The pipeline is designed to start from raw, paired-end Illumina reads. Start the pipeline using:

nextflow run SPNtypeID/main.nf --input [path-to-samplesheet] --outdir [path-to-outdir] --ntc_regex [what-expression-to-look-for-in-ntcs] --runname [what-to-call-run] -profile [docker,singularity,aws]

or from github using:

nextflow run wslh-bio/SPNtypeID -r [version] --input [path-to-samplesheet] --outdir [path-to-outdir] -ntc_regex [what-expression-to-look-for-in-ntcs] --runname [what-to-call-run] -profile [docker,singularity,aws]

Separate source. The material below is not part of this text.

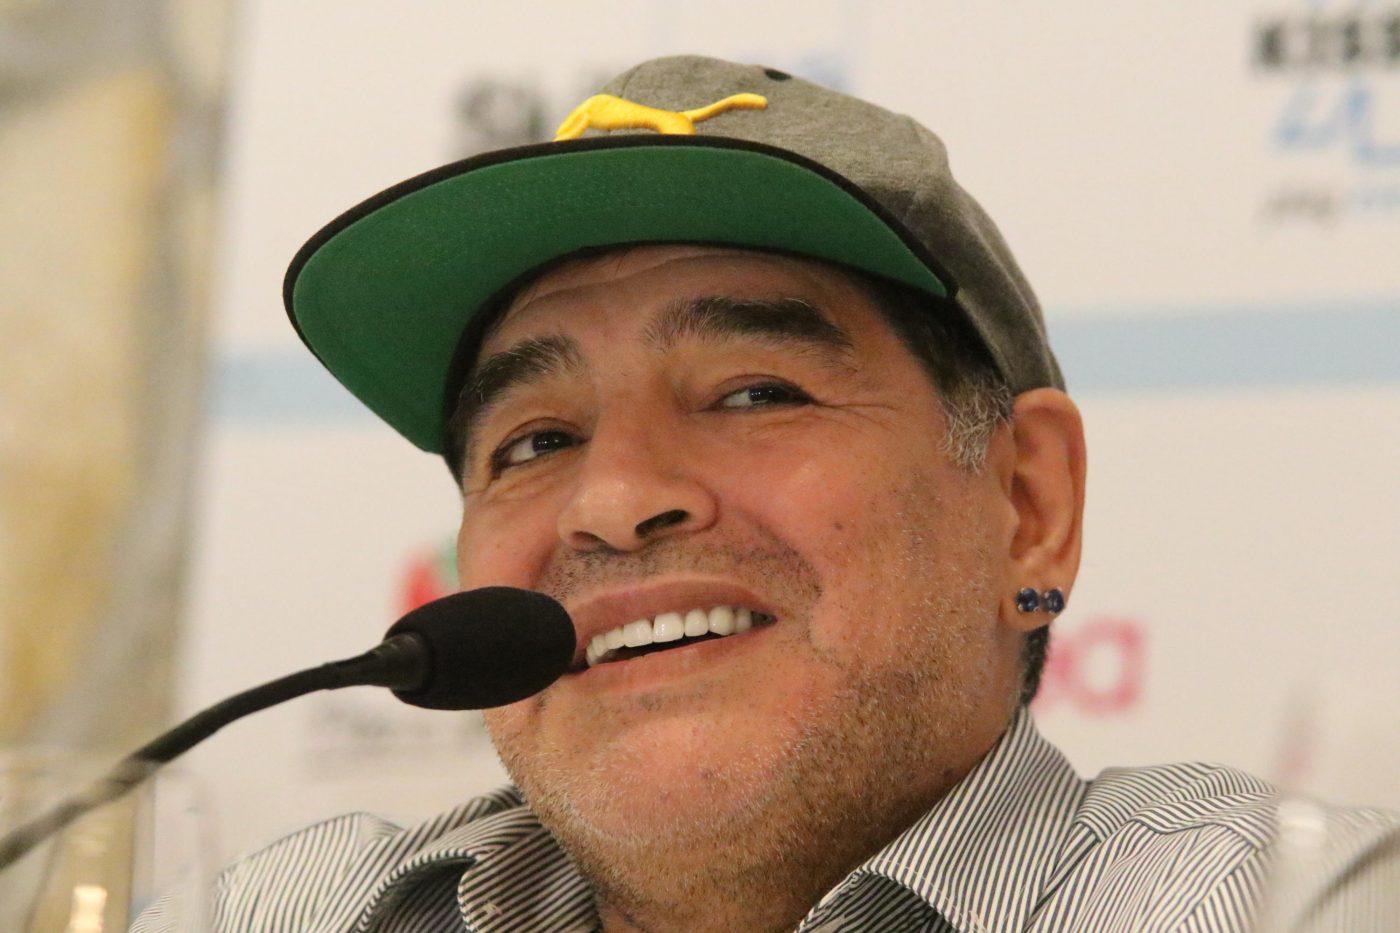 Addio a Maradona, l'ultima intervista: il sogno che voleva realizzare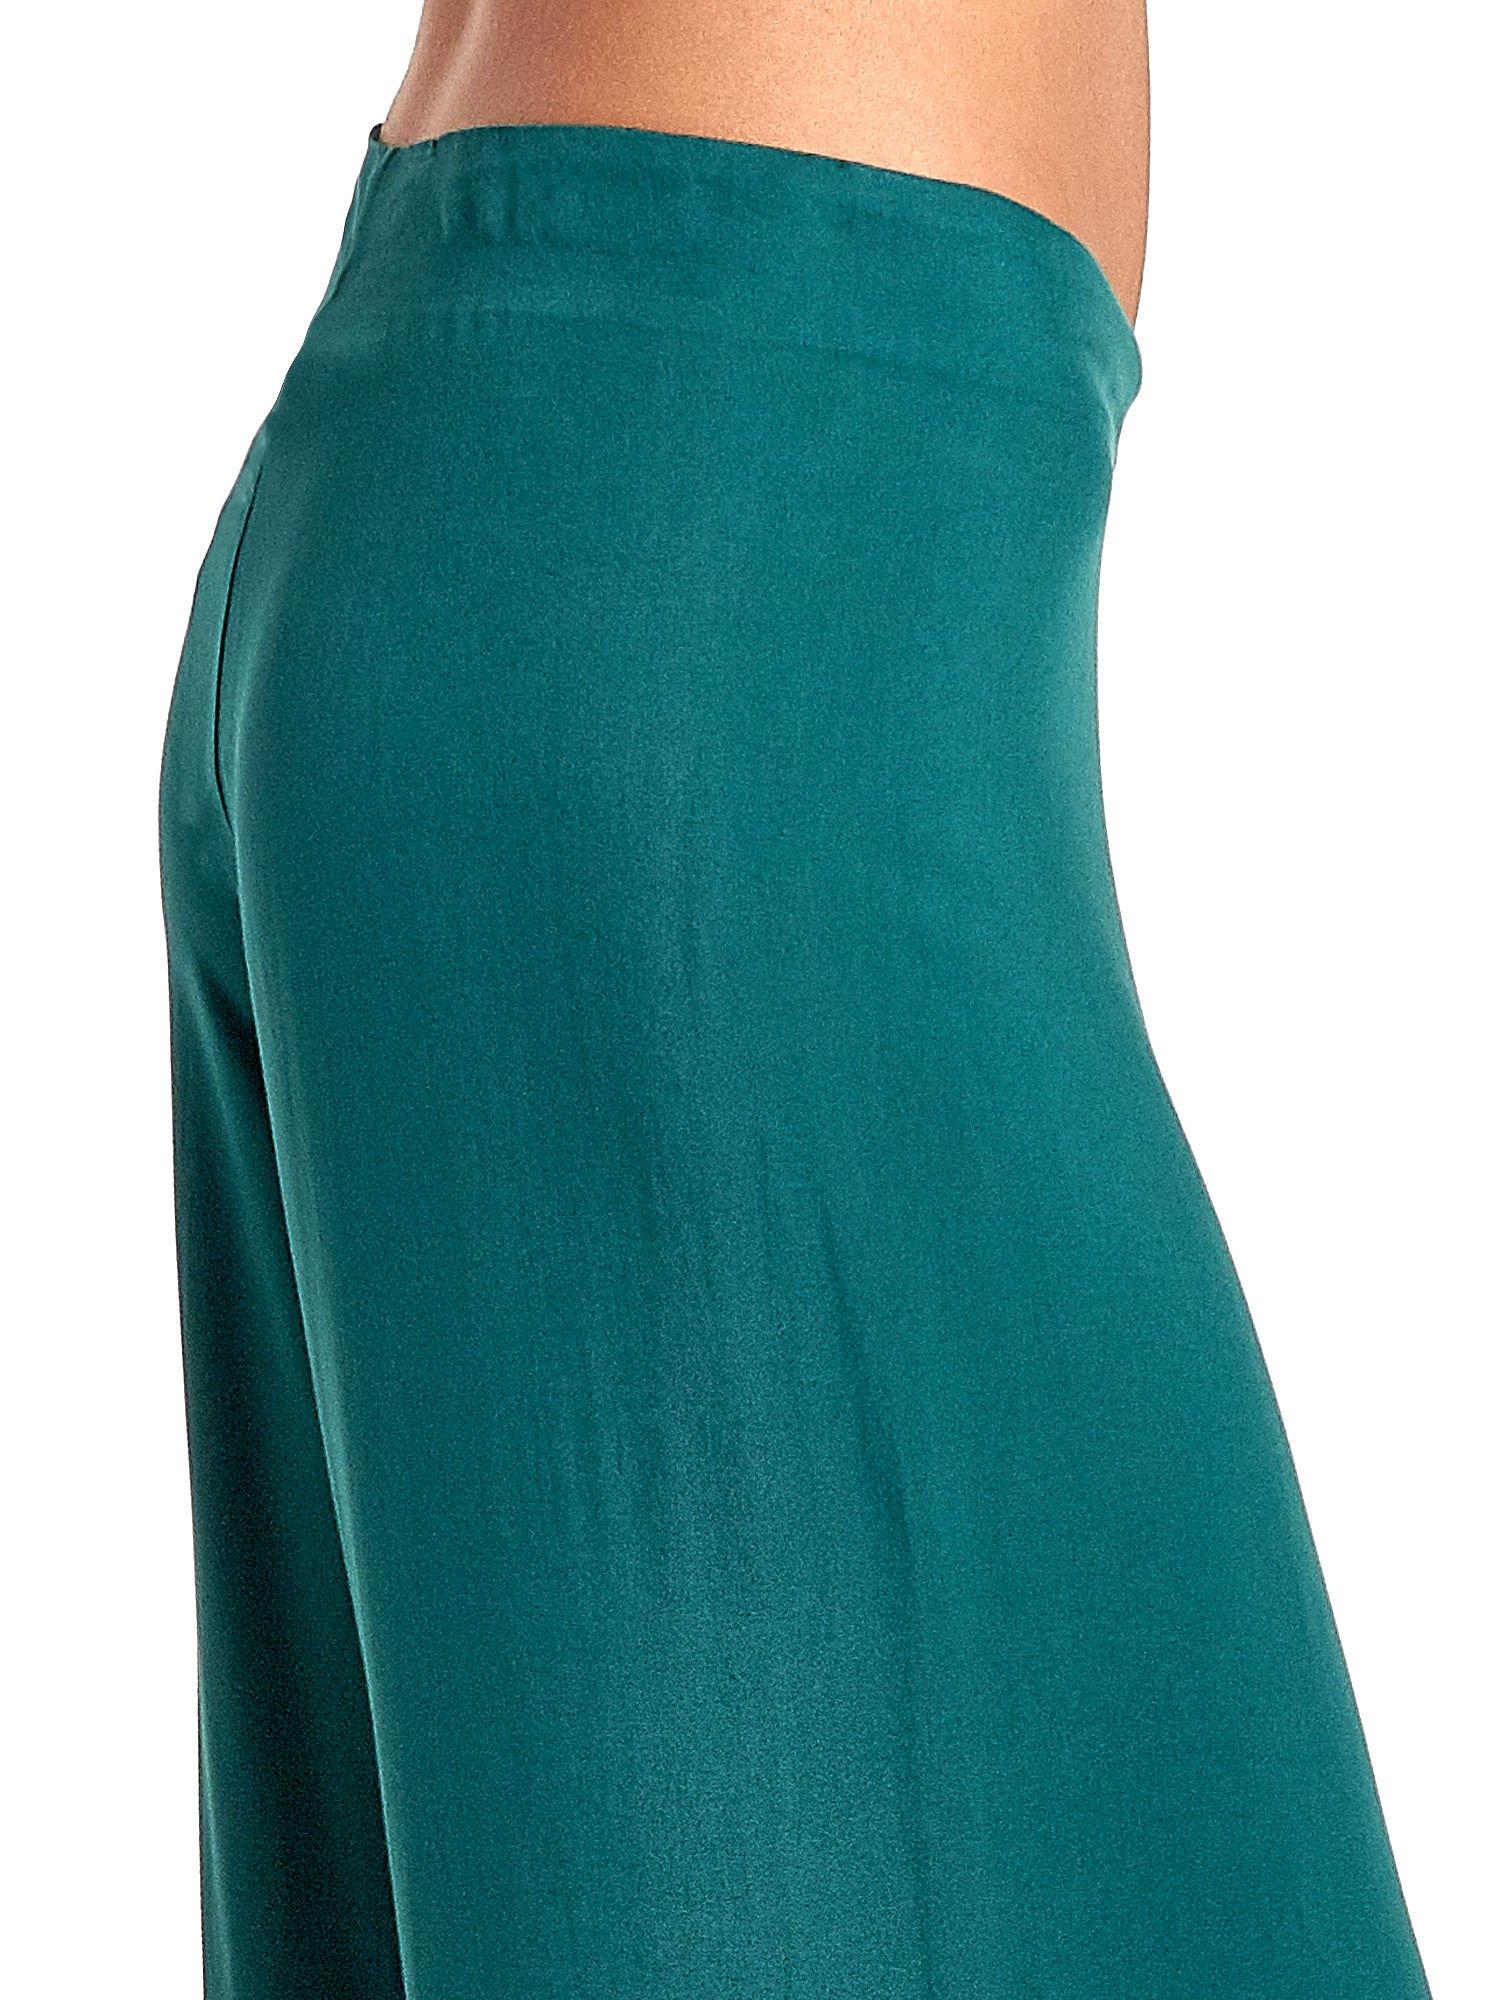 Zielone zwiewne spodnie typu palazzo                                  zdj.                                  6

You can also test the pipeline with example data using -profile test or -profile test_full:

nextflow run SPNtypeID/main.nf --outdir [path-to-outdir] -profile test[_full],[docker,singularity]

Input

SPNTypeID's inputs are paired Illumina FASTQ files for each sample and a comma separated sample sheet containing the sample name, the path to the forward reads file, and the path to the reverse reads file for each sample. A sample sheet can be created using the fastq_dir_to_samplesheet.py script or by hand. An example of the sample sheet's format can be seen in the table below and found here.

sample fastq_1 fastq_2
sample_name /path/to/sample_name_R1.fastq.gz /path/to/sample_name_R2.fastq.gz

Parameters

SPNTypeID's main parameters and their defaults are shown in the table below:

Parameter Parameter description and default
contaminants Path to fasta of contaminants for removal, defaults to BBDuk's adapters fasta
maxcontigs Set the maximum number of contigs allowed in an assembly (default: 300)
maxpctother Sets the maximum percentage of reads from other organisms (default: 1.0)
minavgreadq Sets the minimum average read quality score (default: 30)
mincoverage Sets the minimum coverage (default: 40)
minlength Minimum read length for trimming (default: 10)
minpctspn Sets the minimum percentage of reads that must be S. pneumoniae (default: 60.0)
minpctstrep Sets the minimum percentage of reads that must be Streptococcus (default: 80.0)
ntc_regex Regex pattern for identifying no template control (NTC) files. This is a mandatory parameter if a run has an NTC. (default: null)
qualitytrimscore Sets the BBDuk trimming quality score value (default: 10)
trimdirection Sets the BBDuk trimming direction (default: 'lr')

Workflow outline

Read trimming and quality assessment

Read repair, trimming, and cleaning are performed using BBtools v38.76 to repair fastqs with mismatched read numbers, trim reads of low quality bases, and remove PhiX contamination. Then FastQC v0.11.8 is used assess the quality of the raw and cleaned reads. Bioawk v1.0 is used to calculate the mean and median quality of the cleaned reads.

Genome assembly

Assembly of the cleaned and trimmed reads is performed using Shovill v1.1.0.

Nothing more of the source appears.